Repeat exactly the lines below that lie between the line with "Forbes Magazine’s top" and the line with "This Is Why We Gather Vol. 3", counting both of those lines as part of the answer.
Dataset: Begin
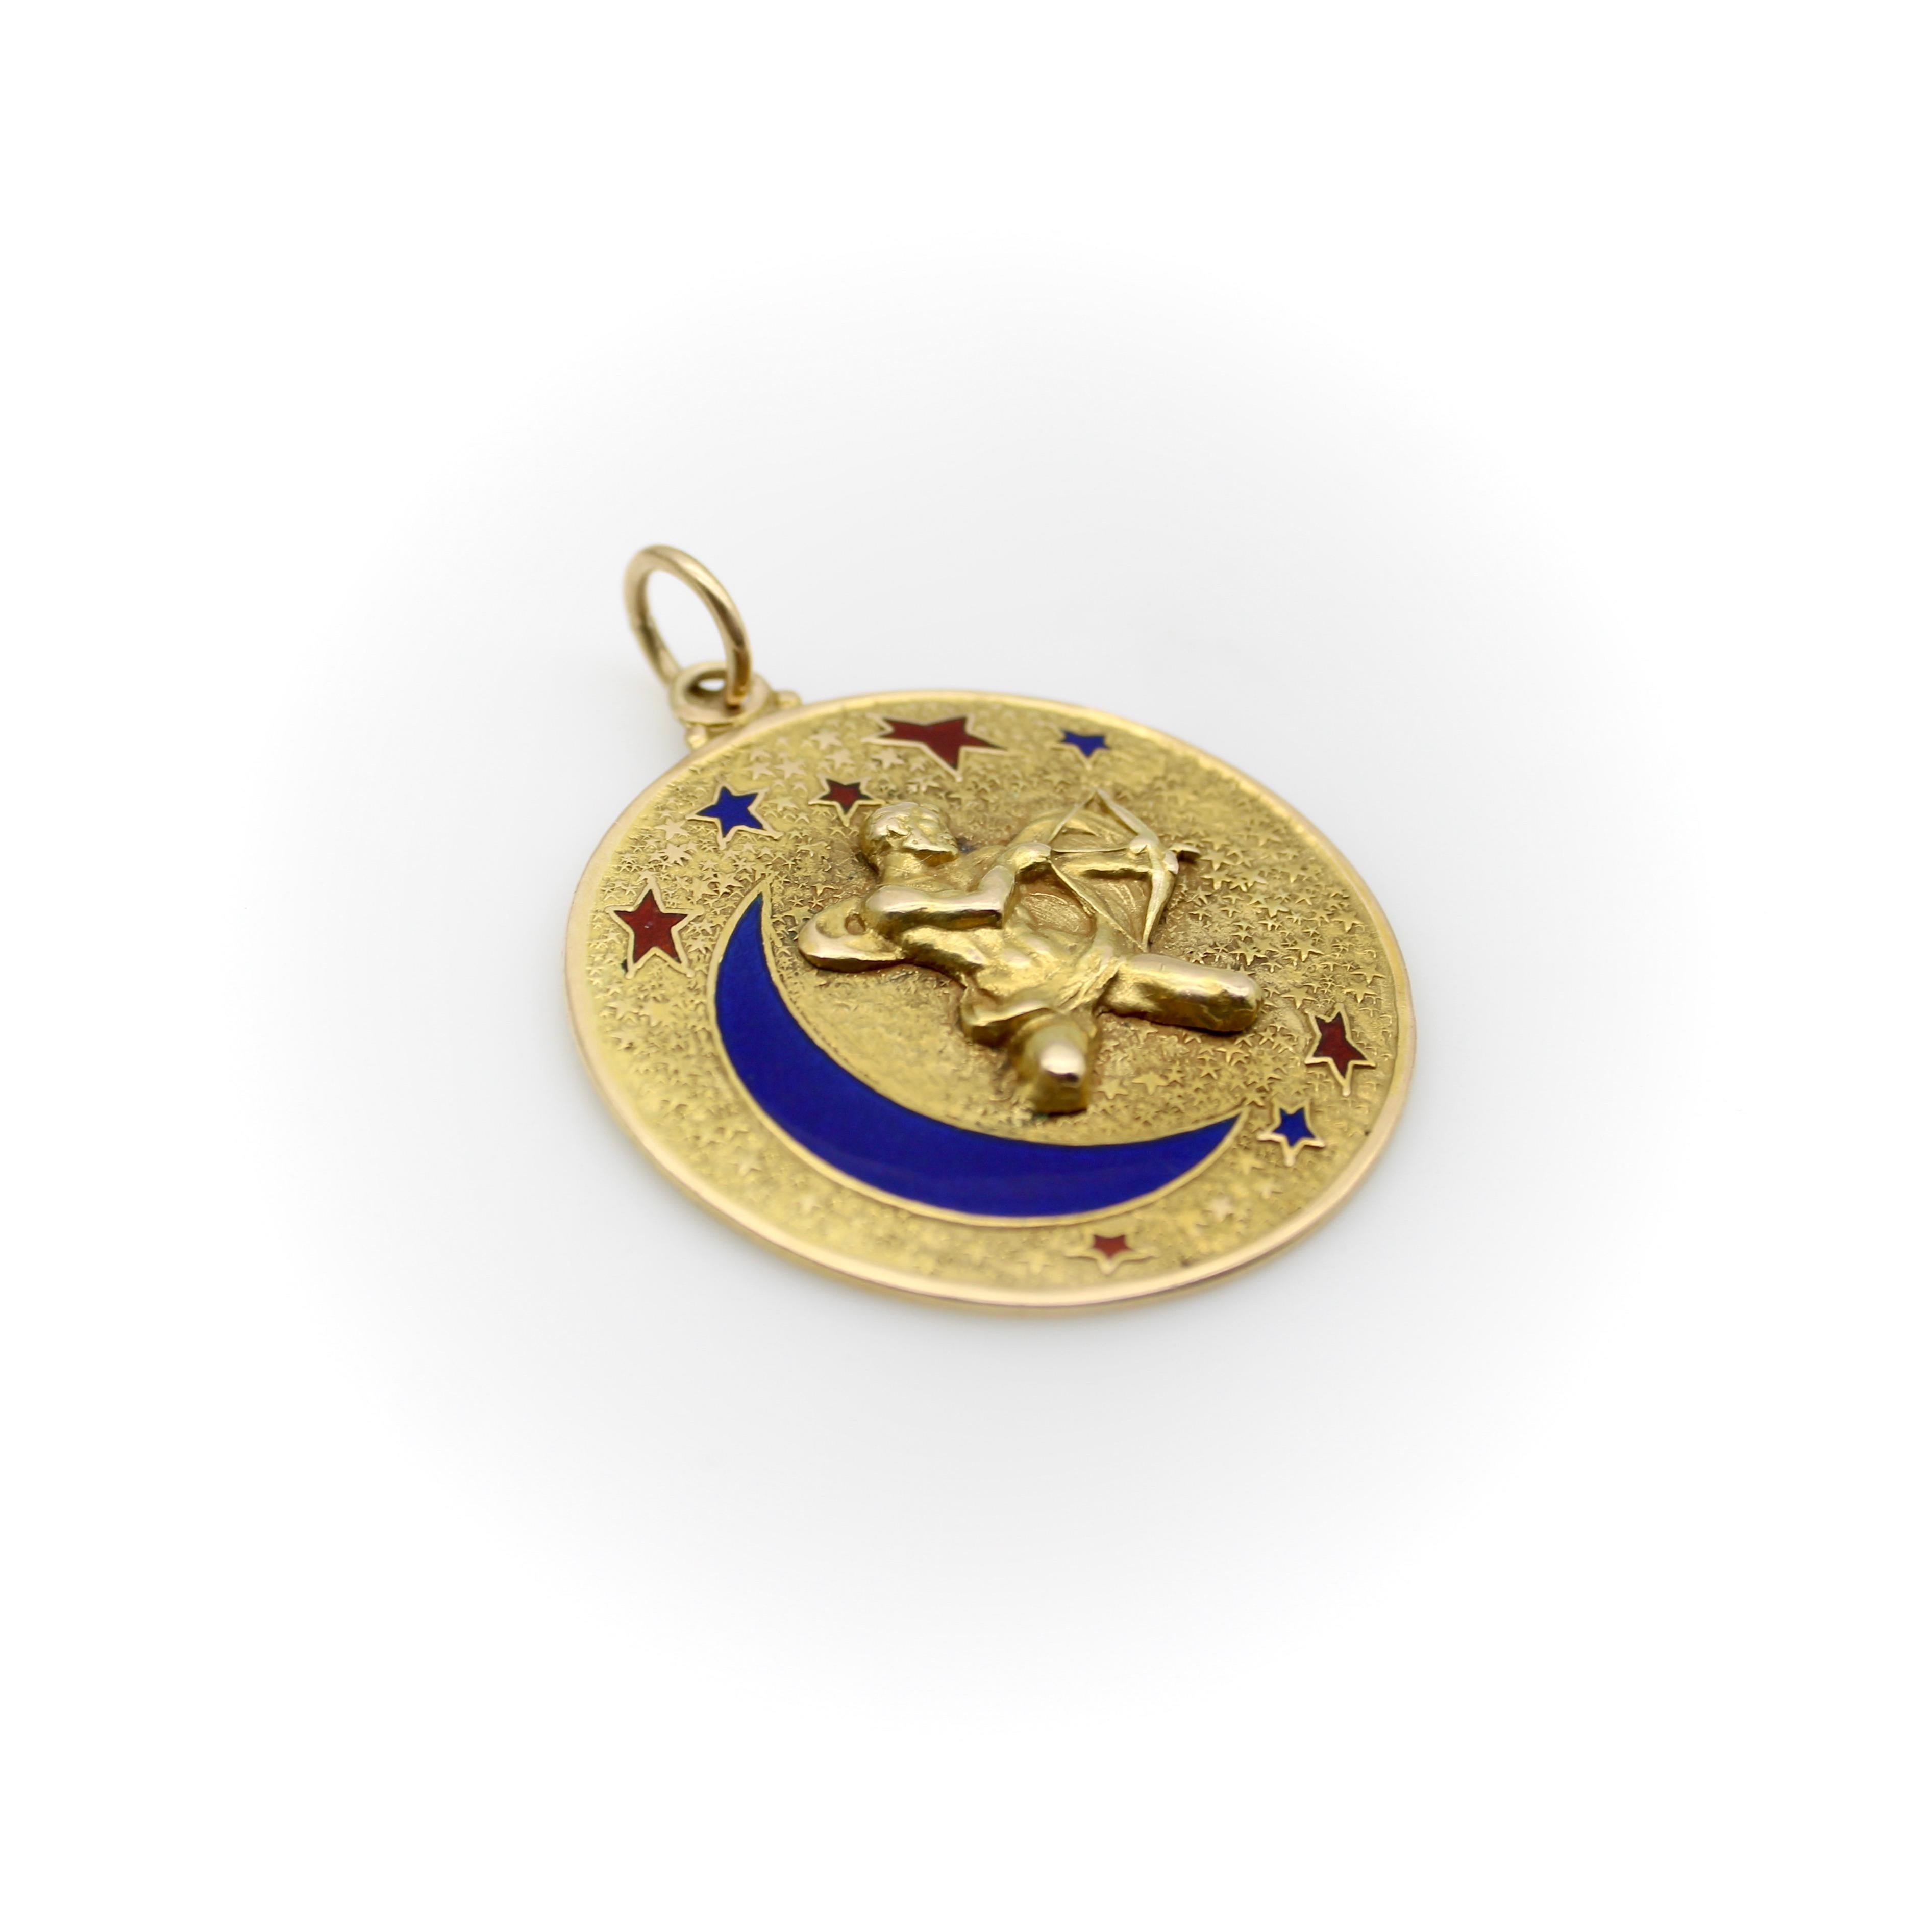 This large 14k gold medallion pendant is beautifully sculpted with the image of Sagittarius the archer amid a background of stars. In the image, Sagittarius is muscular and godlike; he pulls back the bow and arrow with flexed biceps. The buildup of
Dataset: End
Dataset: Begin
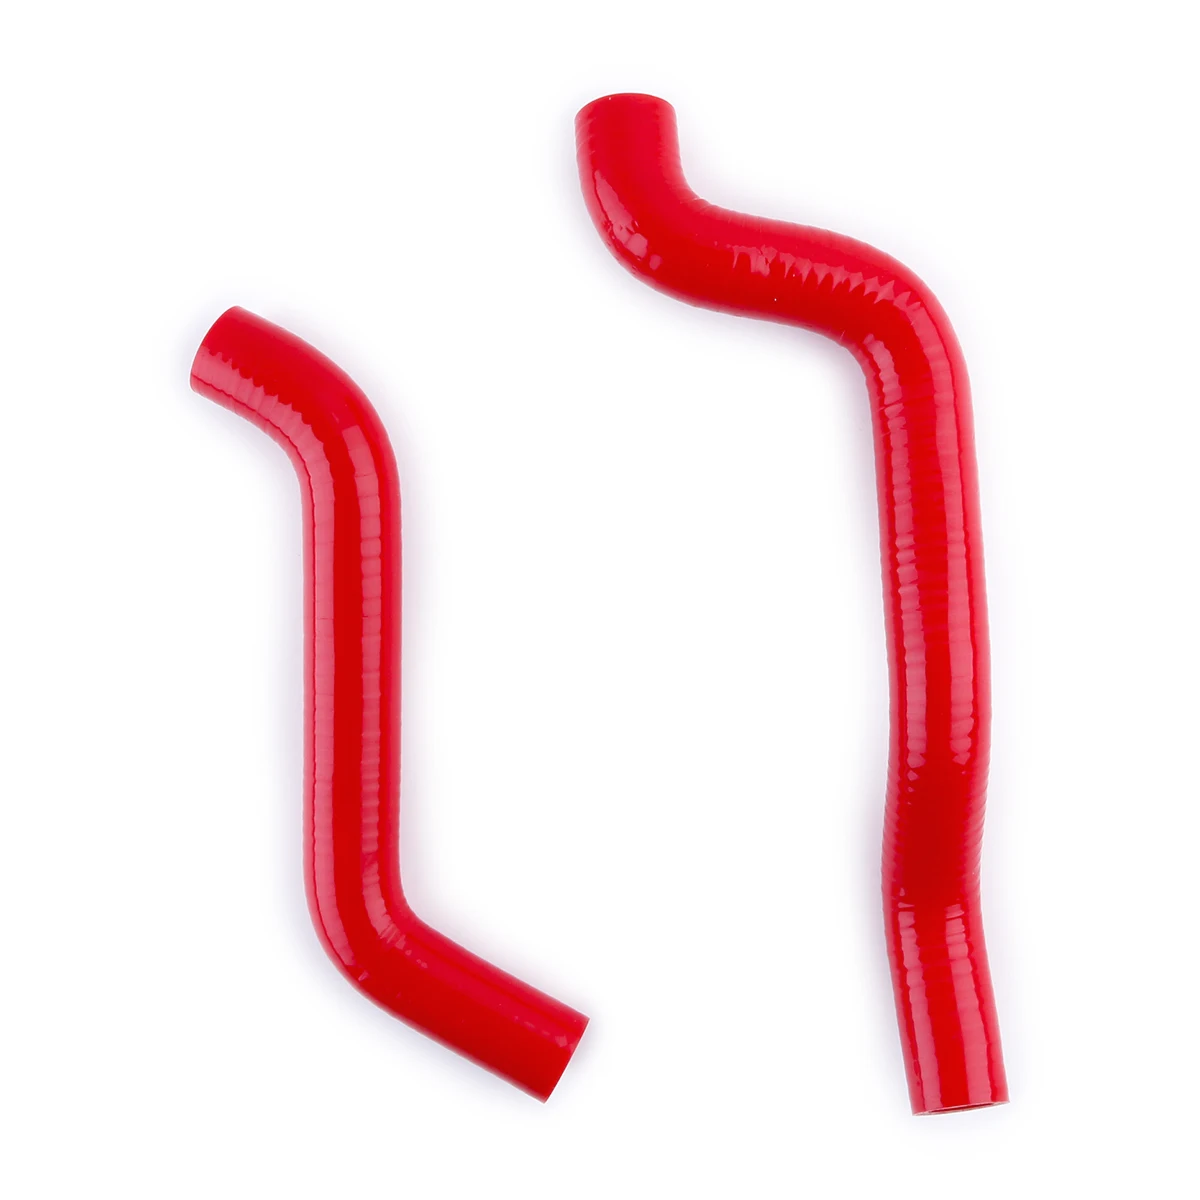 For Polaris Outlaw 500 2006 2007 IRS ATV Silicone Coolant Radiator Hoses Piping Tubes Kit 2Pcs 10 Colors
Dataset: End
Dataset: Begin
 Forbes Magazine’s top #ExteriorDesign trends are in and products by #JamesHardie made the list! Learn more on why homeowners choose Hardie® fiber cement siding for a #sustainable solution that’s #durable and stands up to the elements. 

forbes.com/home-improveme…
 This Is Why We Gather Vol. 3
Dataset: End
§ Your solution
 Forbes Magazine’s top #ExteriorDesign trends are in and products by #JamesHardie made the list! Learn more on why homeowners choose Hardie® fiber cement siding for a #sustainable solution that’s #durable and stands up to the elements. 

forbes.com/home-improveme…
 This Is Why We Gather Vol. 3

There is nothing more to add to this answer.